February 24, 2026
Former Khyber Pakhtunkhwa (KP) chief minister Ali Amin Gandapur on Tuesday said he would not accept the return of his government-provided security, claiming it had been withdrawn by the provincial administration.
Gandapur, who resigned from the top provincial post in October last year, said that KP Chief Minister Sohail Afridi's deputy chief security officer (CSO) called his security personnel at around 11pm, informing him that the CSO had ordered them to return.
The former KP CM added that he had been provided a provincial government jammer and a double-cabin vehicle, accompanied by 14 personnel.
He described how the security personnel had approached him, and he instructed them to "just close up".
Gandapur emphasised that even if the government restores his protection, he would refuse it. "I want to inform the chief minister that there is no need to return my security. I do not require it," he said.
A spokesperson for the KP CM House, however, denied reports that Gandapur’s security had been withdrawn, saying no such decision had been made.
No instructions have been issued to relevant authorities regarding this matter, the spokesperson added.

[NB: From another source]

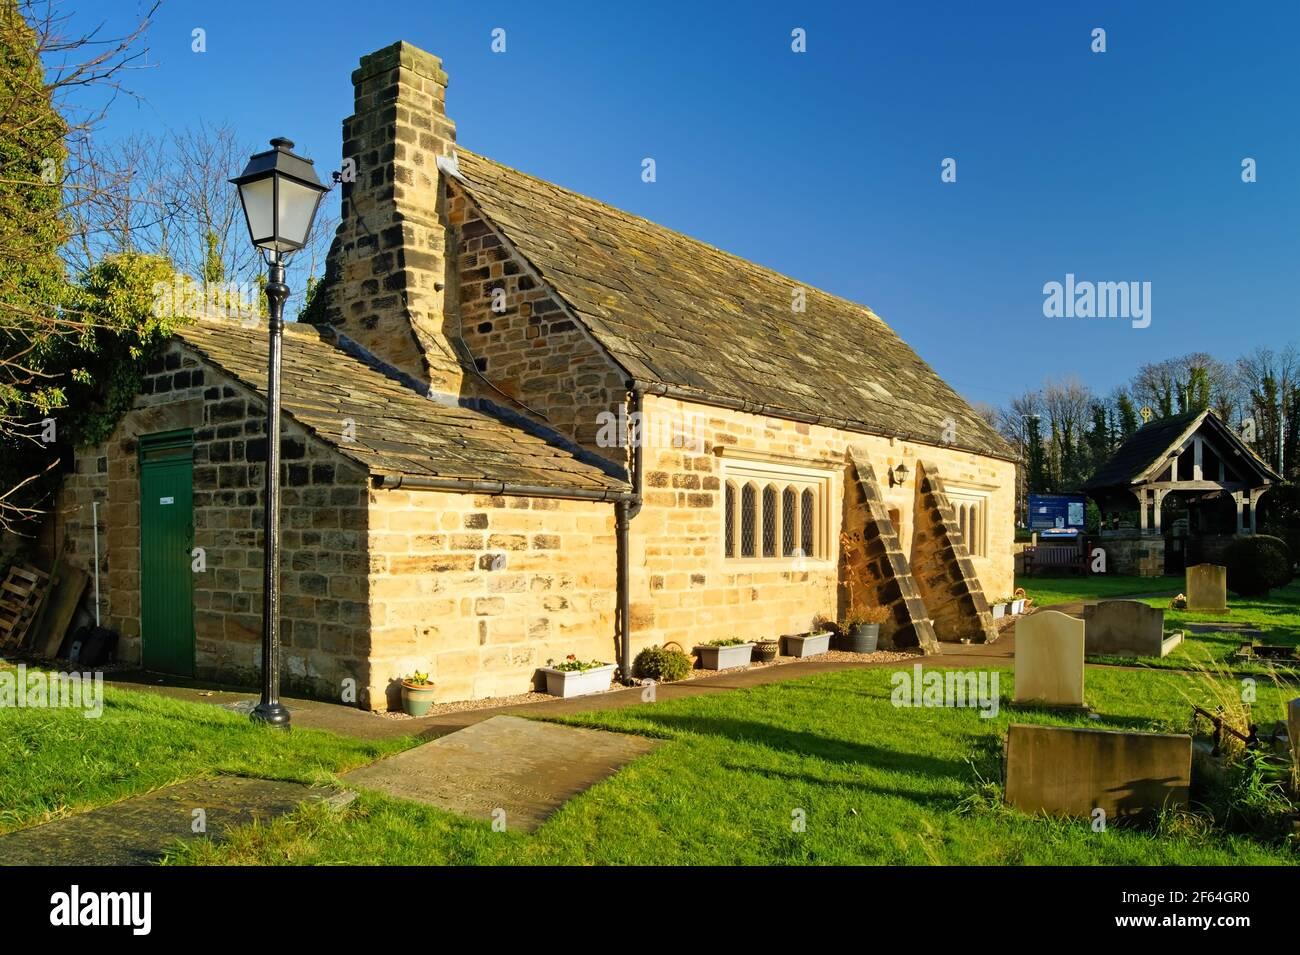 Großbritannien, West Yorkshire, Wakefield, Felkirk, St. Peter's Church, Altes Schulzimmer Stockfoto

Gandapur — a firebrand Pakistan Tehreek-e-Insaf (PTI) leader — stepped down from the post of KP CM on October 8 last year, hours after party leaders announced Sohail Afridi's nomination for the post.
"In respectful compliance of the orders of my leader, and founding PTI chairman, Imran Khan, it is my honour to tender my resignation from the Office of the Chief Minister, Khyber Pakhtunkhwa," he wrote in a post on X at the time.
At the time, Member National Assembly Sher Afzal Marwat claimed that one of the main reasons for Gandapur’s resignation was his inability to secure the release of PTI founder Imran Khan from jail.
Following Gandapur's resignation, Afridi was elected as the new chief executive of the province on October 13, and took the oath on October 15.